_THE TASK_. In the entries that follow, find the line containing "Nugarėlė G970 Samsung" and the line containing "Pantofi i-Robox Blue", then copy exactly everything from the first through the second except the pictures.

_WORKING DATA_.
==============================

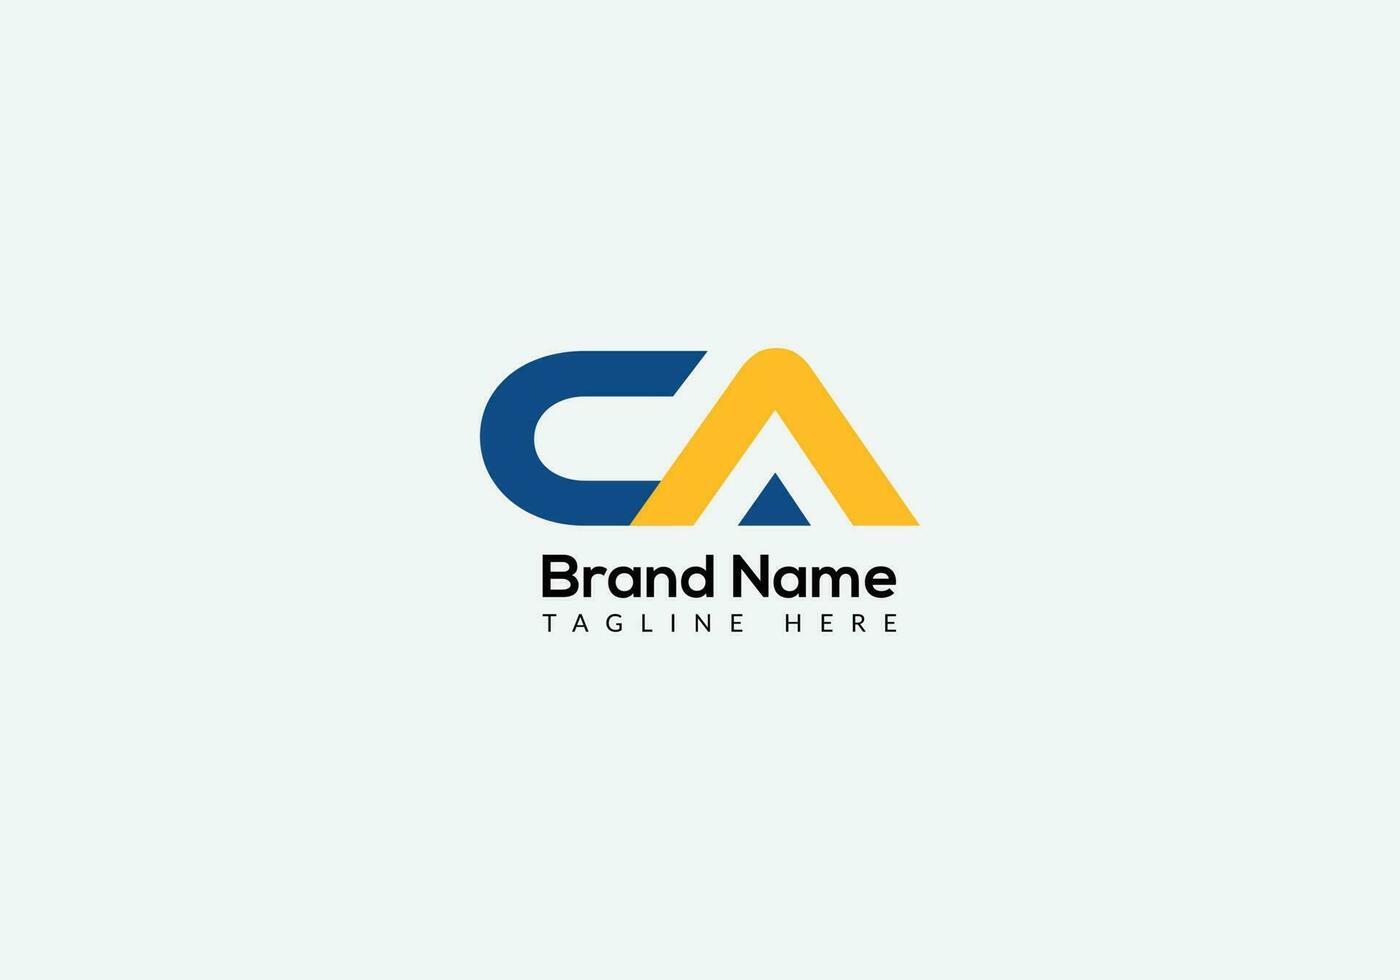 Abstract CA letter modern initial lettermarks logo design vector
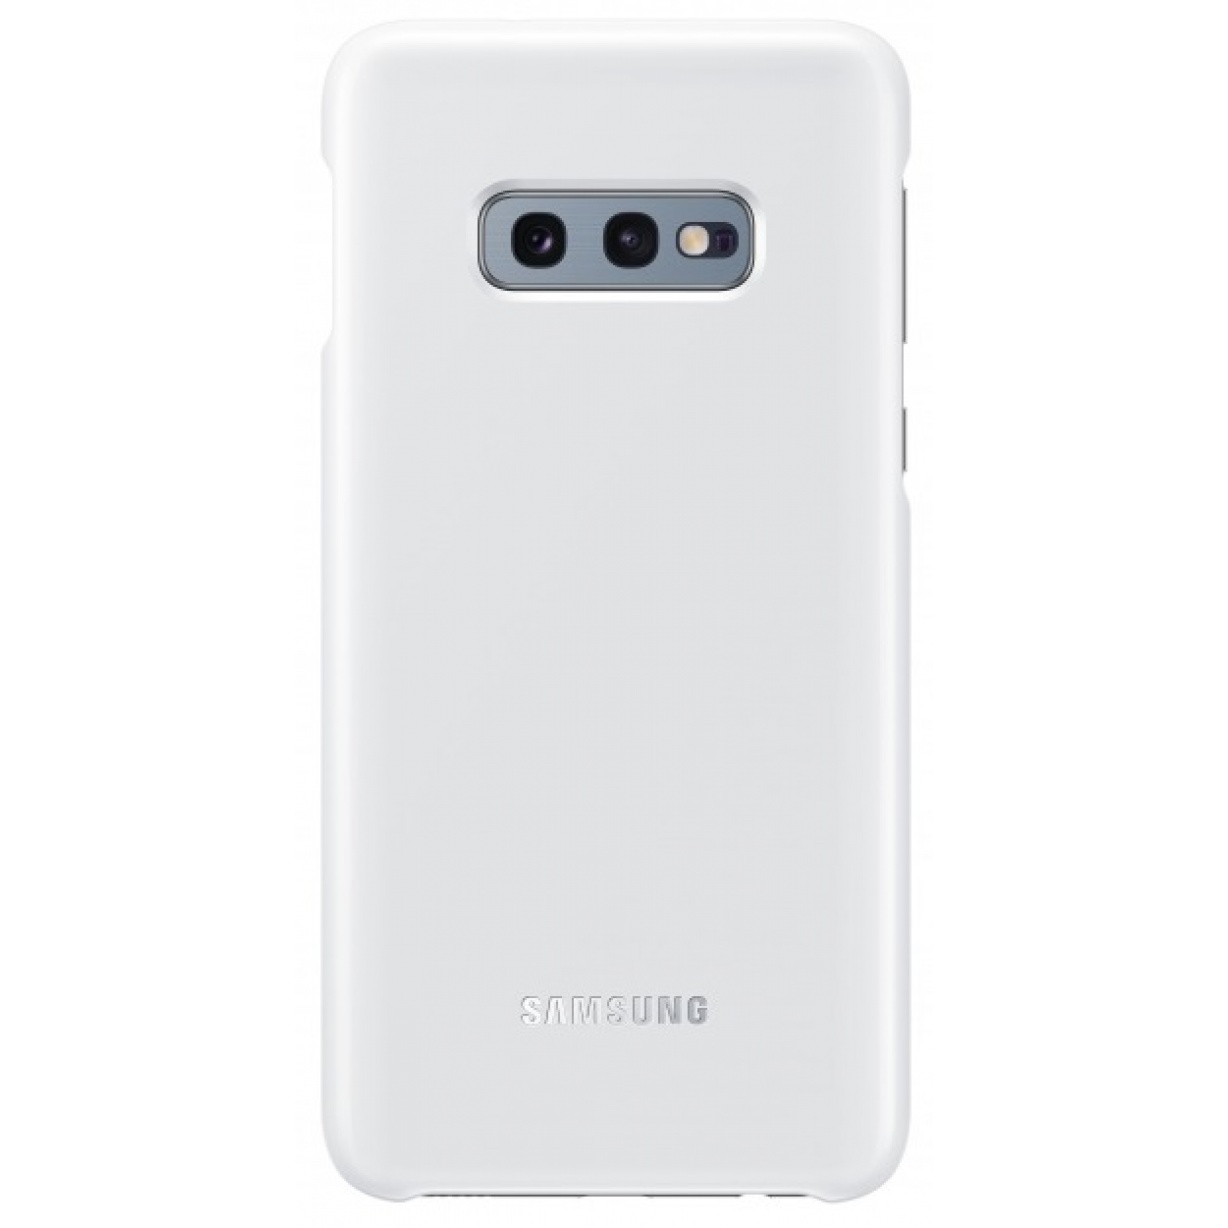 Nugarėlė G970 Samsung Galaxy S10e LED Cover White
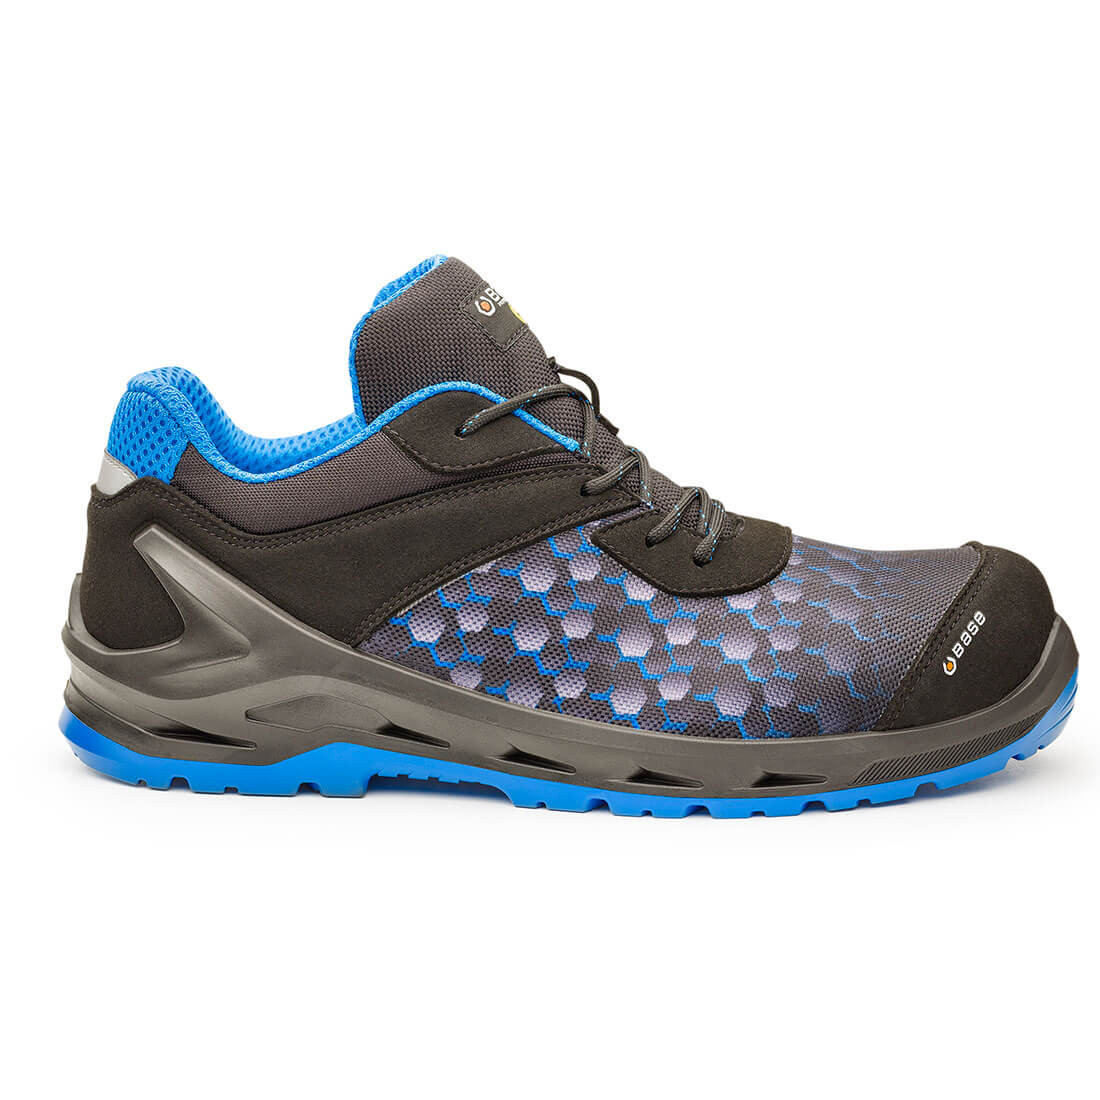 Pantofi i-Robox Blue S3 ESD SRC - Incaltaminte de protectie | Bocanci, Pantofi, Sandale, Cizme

==============================

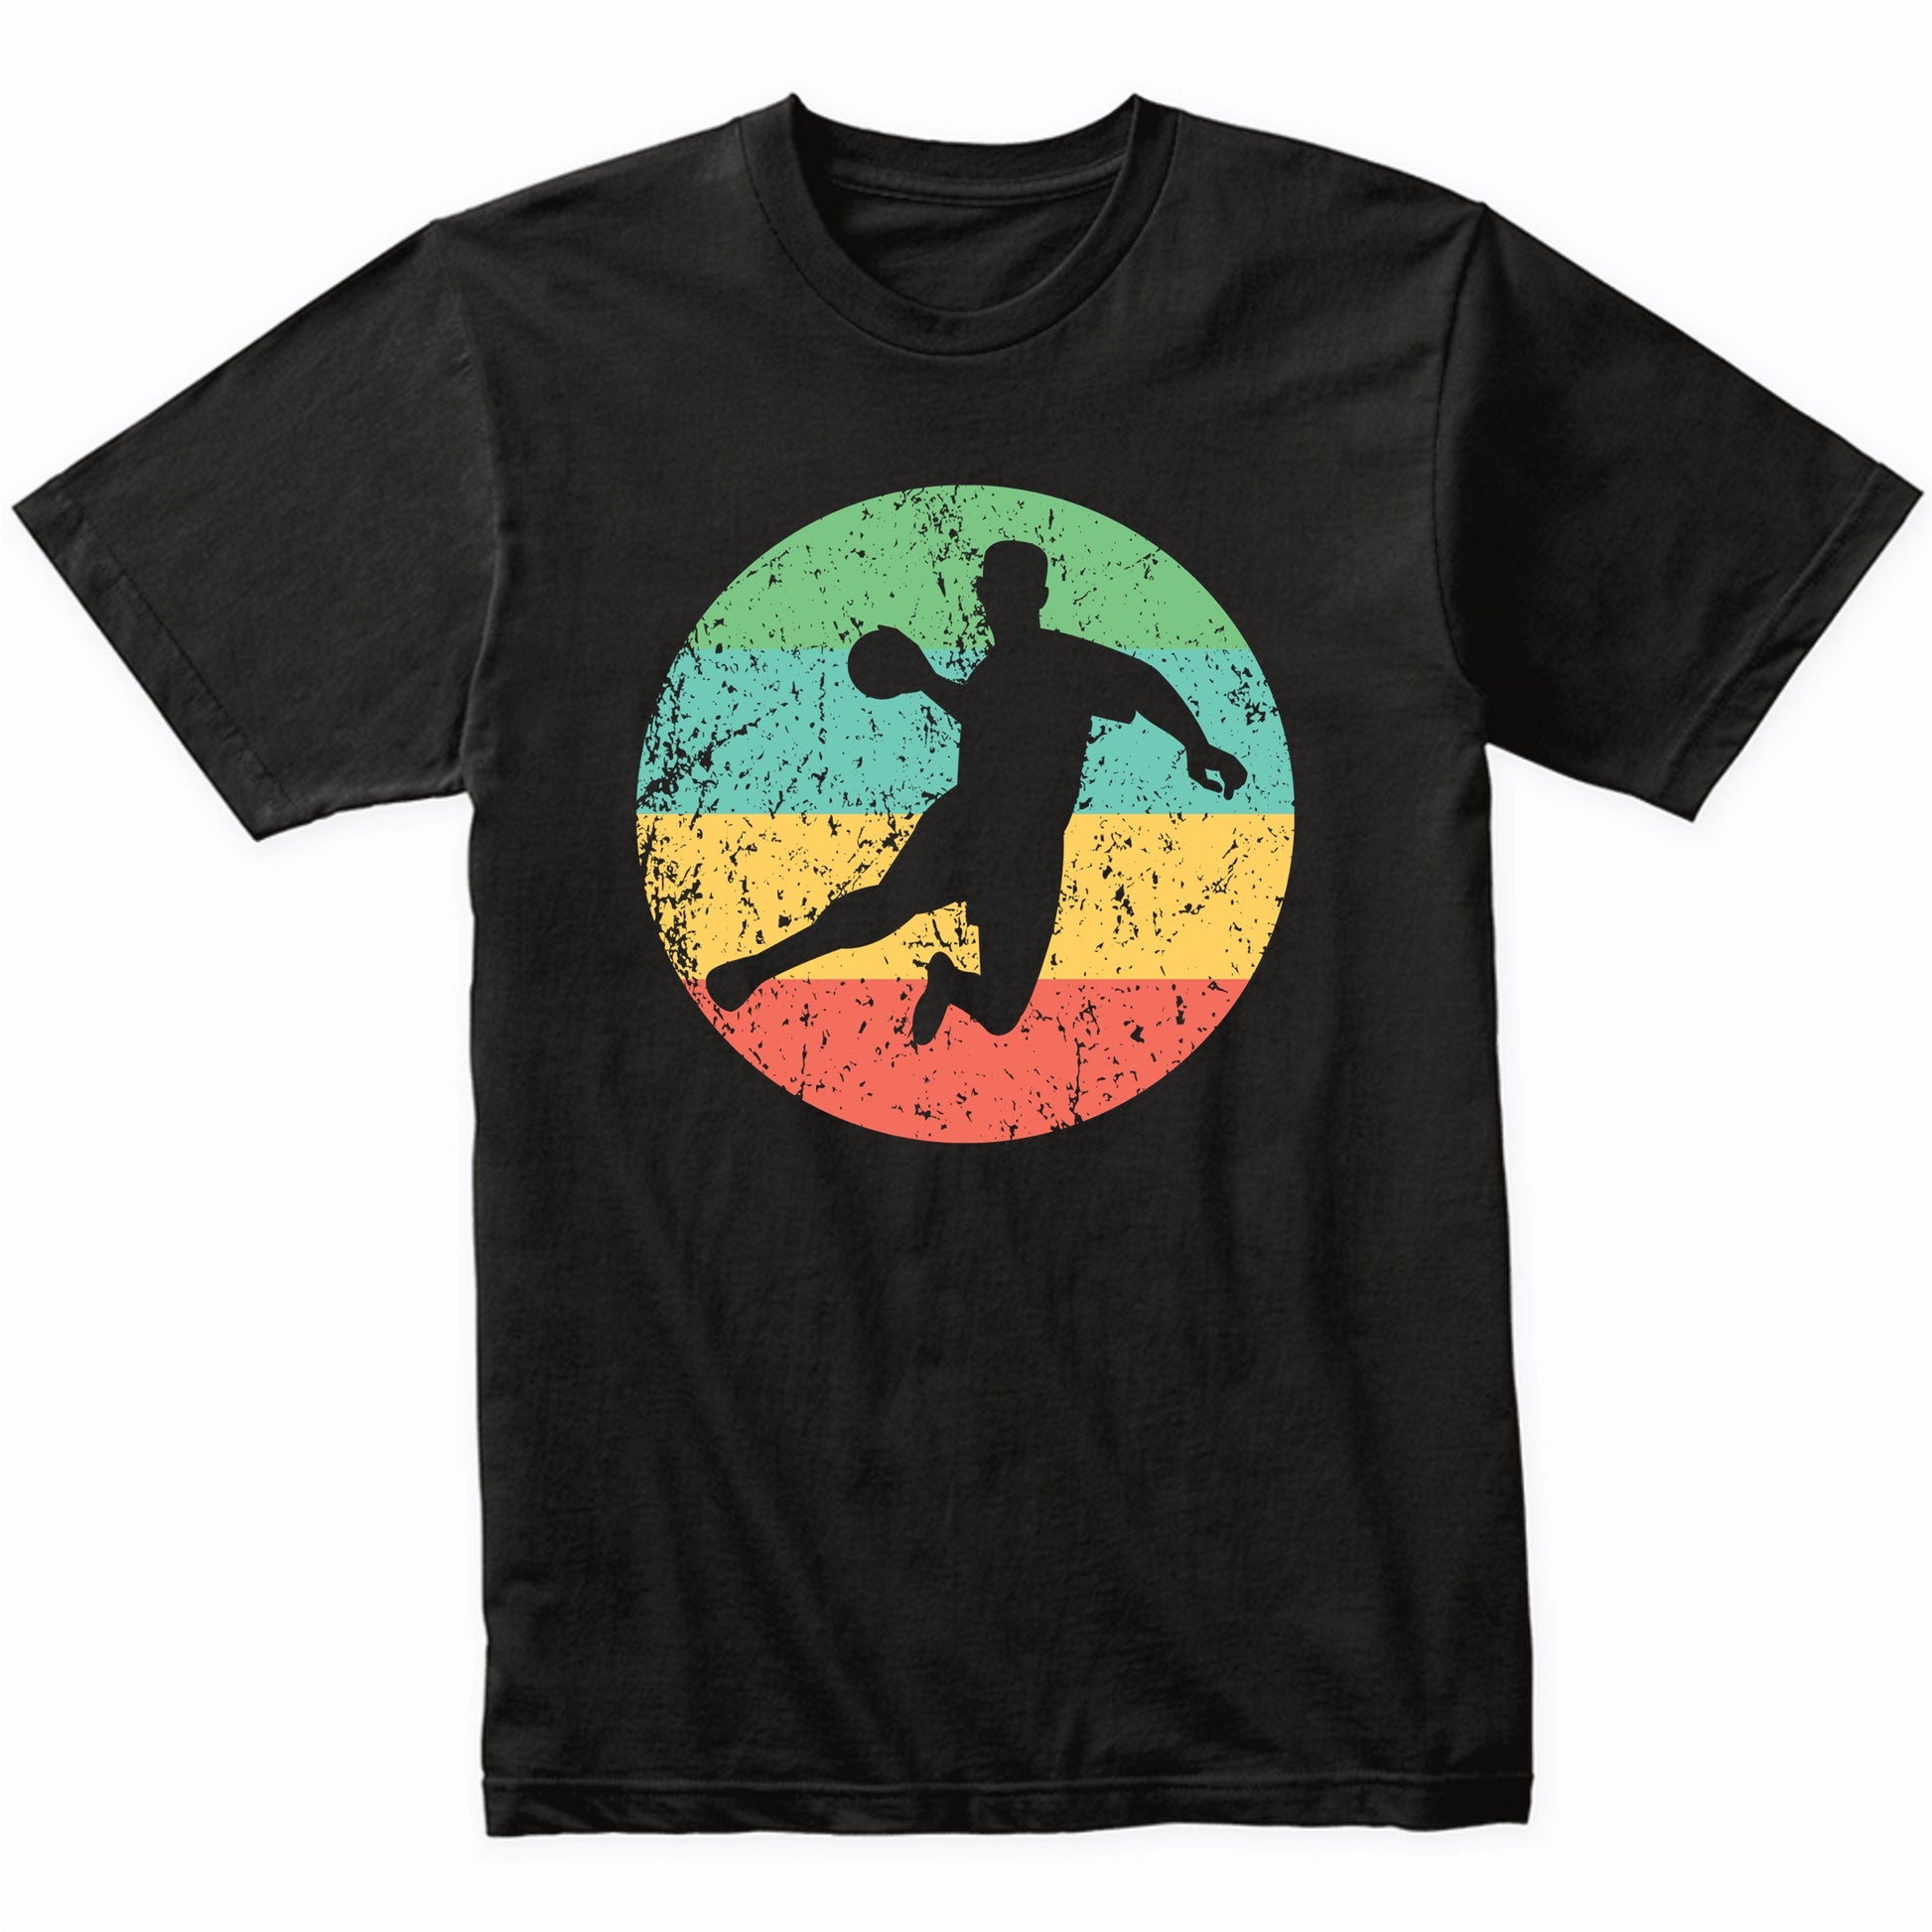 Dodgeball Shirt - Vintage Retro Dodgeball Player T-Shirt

==============================

_EXERCISE SOLUTION_.
 Nugarėlė G970 Samsung Galaxy S10e LED Cover White
 Pantofi i-Robox Blue S3 ESD SRC - Incaltaminte de protectie | Bocanci, Pantofi, Sandale, Cizme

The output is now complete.